Why the NFL Needs to Ditch Thursday Night Football

Tonight is the NFL Draft, which is the most excited we should be about football on a Thursday all year. While the prospect of additional NFL football on TV is enticing to fans, there is a heated debate over whether the NFL should stick with Thursday Night Football. An increase in injury potential, a tendency for dull matchups and the reputation of Thursday Night Football as a cash grab by the league are among the arguments for ditching Thursday Night Football entirely.

Injury Concerns

Football is an extremely physical game, consisting of men who exceed 300 pounds tackling each other. Players typically take a beating each week, understandably sore after each game, which tends to last around three hours. With the majority of games taking place on Sunday, a Thursday night game gives players a mere four days to prepare for yet another game. A few teams have been fortunate enough to play a Thursday night game following a bye week. Nonetheless, the majority of Thursday Night Football participants are not so lucky to have a week or more off before playing on Thursday night.

This past November, former Seattle Seahawks cornerback Richard Sherman ruptured his Achilles in a Thursday night game against the Arizona Cardinals. Sherman, an integral defensive player manning a highly physical coverage role, last played a mere four days prior, against the Redskins that previous Sunday. Sherman felt the severity of his injury immediately, telling teammates on the sideline he is out for the year.

This same Thursday night game, six other Seahawks players suffered an injury, including Doug Baldwin and Kam Chancellor. Also in the same game, Seahawks quarterback Russell Wilson and the Seahawks coaching staff drew criticism for not having him undergo the concussion protocol despite a very hard hit.

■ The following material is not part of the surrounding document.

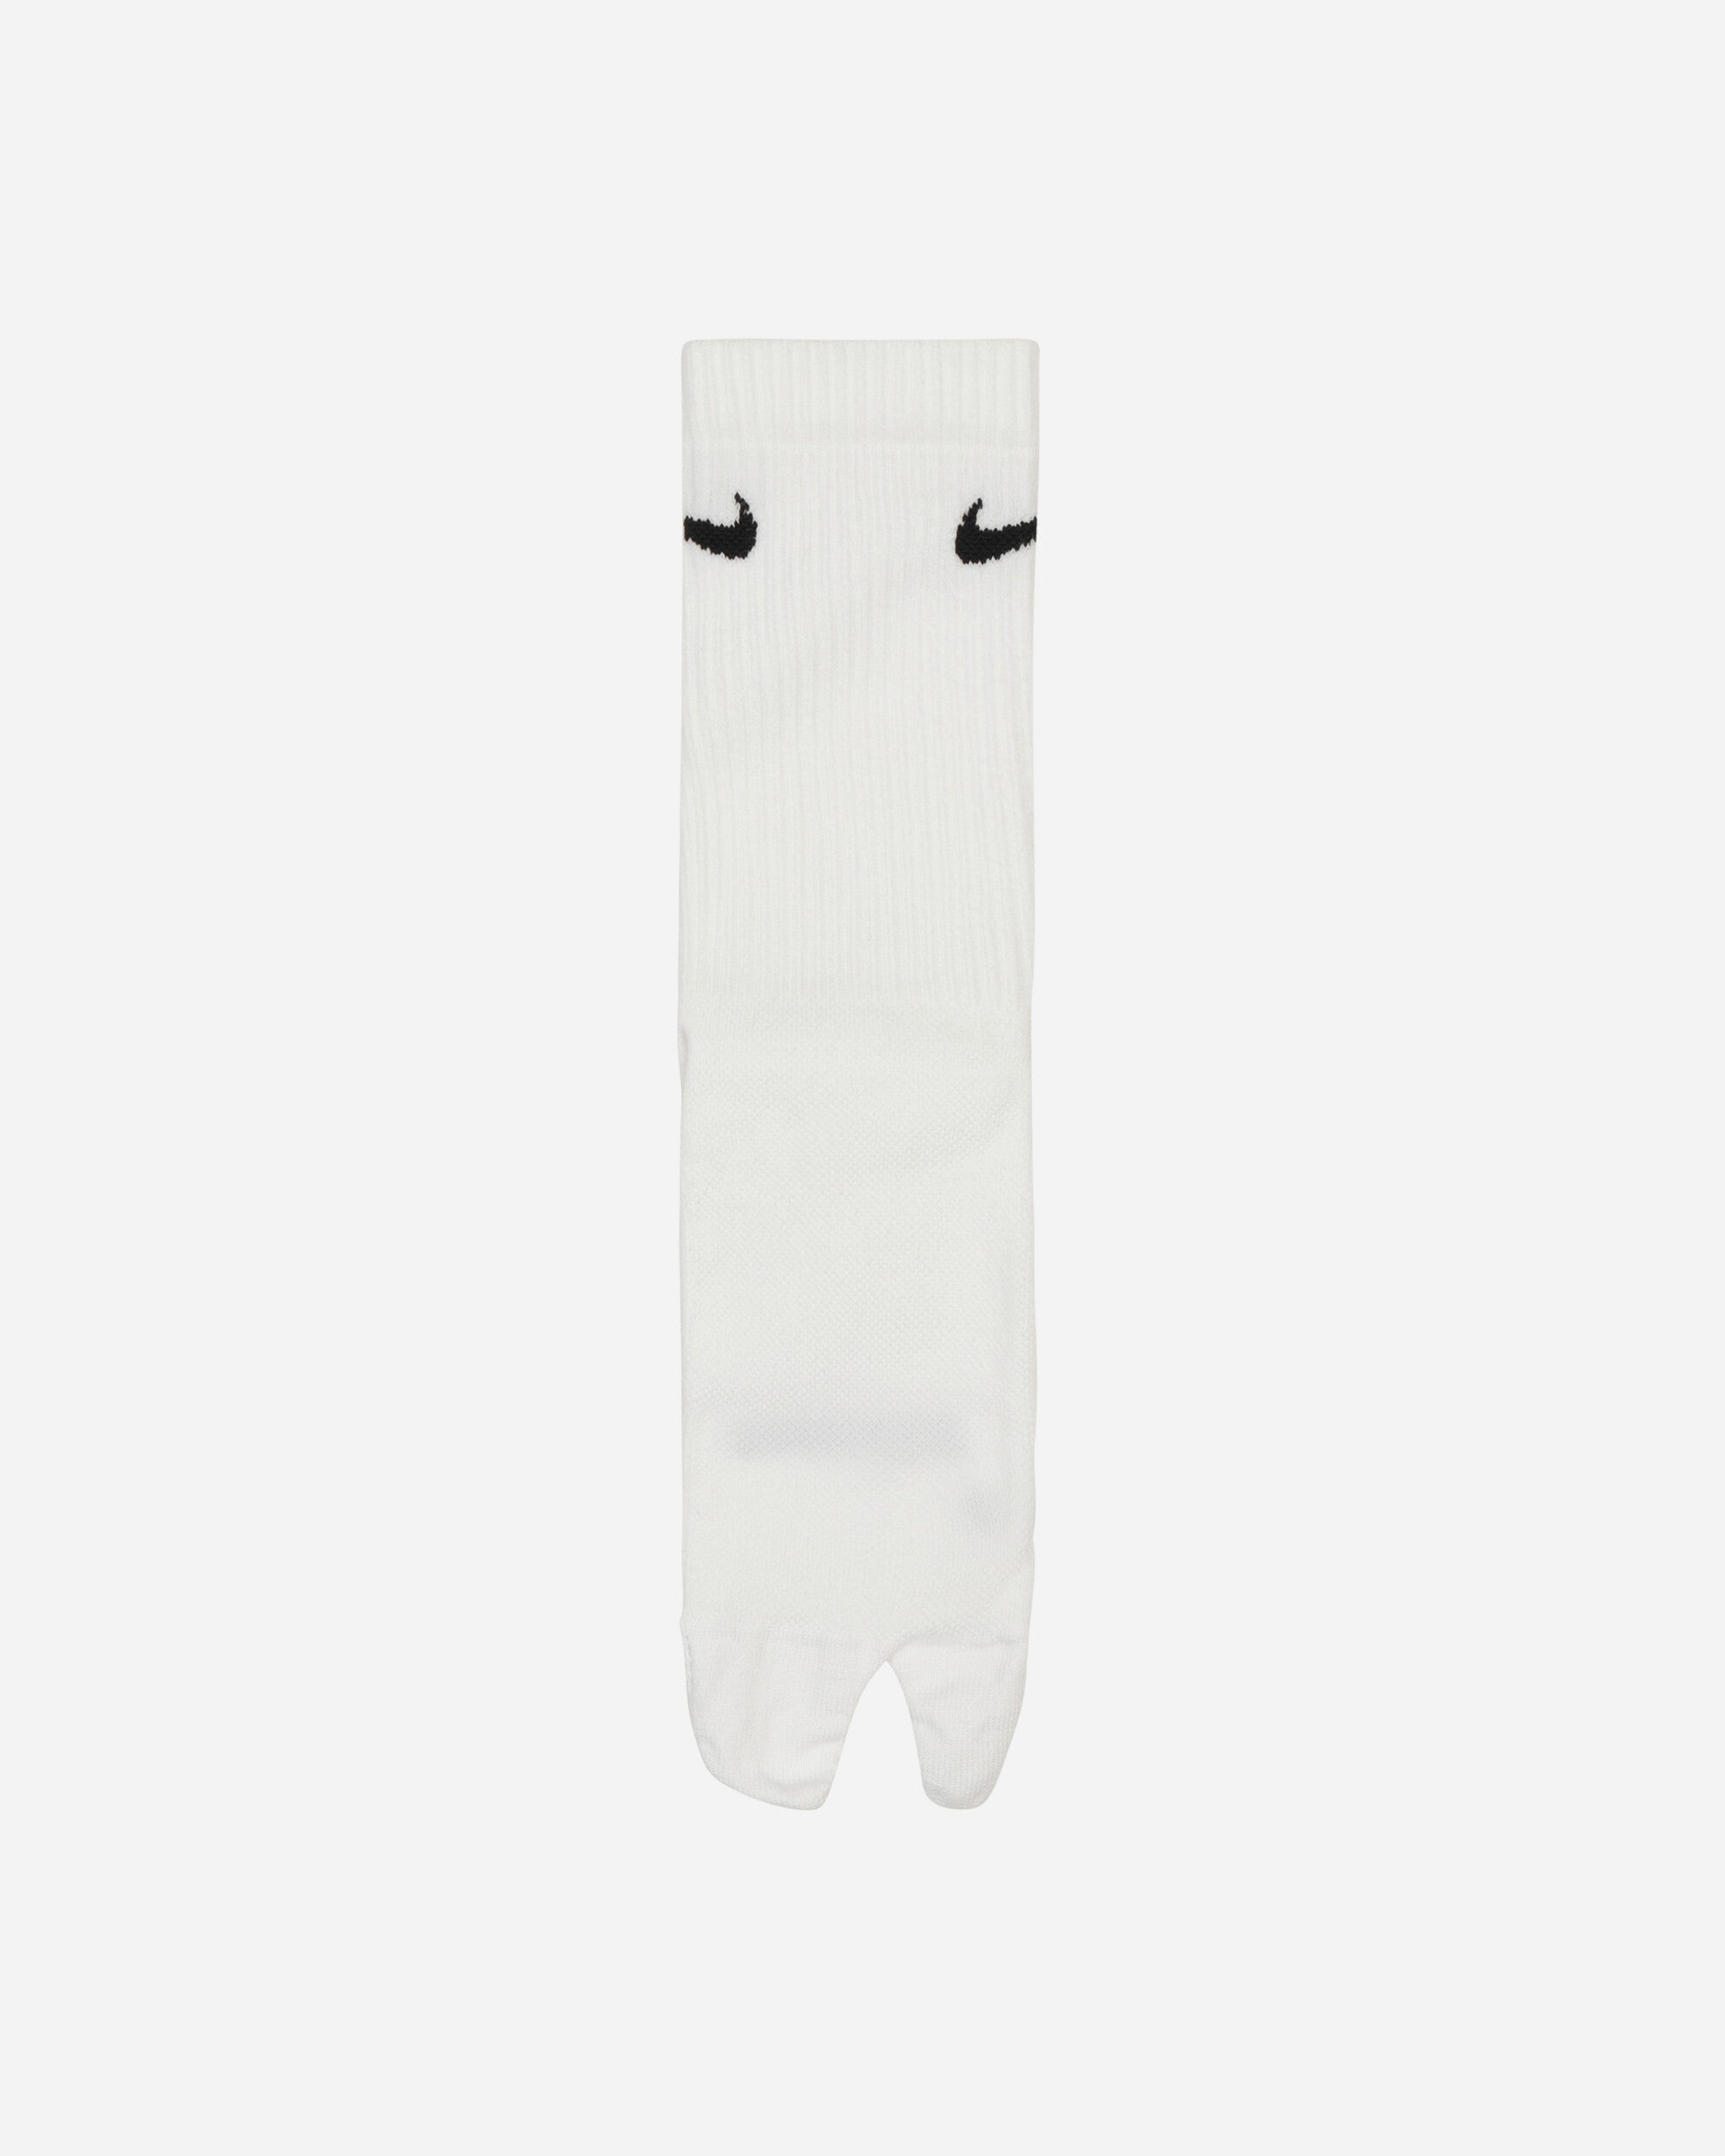 Nike U Nk Ed  Pls Ltwt Crw 160 Tab White/Black Underwear Socks DX1158-100

The 2017 NFL season saw a surge in players headed to the injured reserve, with the number of injured reserve players increasing since 2015. Many fans, players and coaches alike point to the ridiculously small window between Sunday and Thursday as a contributing factor, with the format giving players a lack of preparation time while interfering with the consistency in their workouts and conditioning.

Dull Matchups

There's always a handful of gems each year on Thursday Night Football, though for the most part fans feel like they are witnessing a second-rate matchup on Thursday nights. Some of the biggest blowouts tend to occur on Thursday nights, which for any fan beyond the massacring teams is a boring affair to watch.

Additionally, there are fewer touchdowns scored on Thursday Night Football comparative to Sundays. Over one season, Thursday Night Football tends to average 13 total touchdowns less than Sunday counterparts. Fans love seeing touchdowns, so it's another fuel to the fire of why the NFL should ditch Thursday Night Football: fans simply are not as interested in low-scoring games.

Plus, the injury concerns and a tendency for subpar games on Thursday Night Football does not do much in helping promote football for the youth, especially since Thursday Night Football starts so late at night. Youth football equipment has gotten much safer over the years, but TNF isn't going to get them pumped to play if they're in bed by the second quarter.

An NFL Cash Grab?

Finally, fans feel like Thursday Night Football is nothing more than a cash grab for the NFL, knowing that Thursdays present an additional revenue opportunity for viewership. Sundays and Mondays feature NFL football, though there are so many games on Sundays that fans tend to choose what to watch. On a Thursday, with only one game and not much else on, fans are likely to watch an NFL game, which means revenue for the NFL despite concerns about player safety and general game quality.

Thursday Night Football has the occasional great game, though in reality that outlier is not worth the risk of injury and resulting negative perceptions of the game from aspiring, younger players.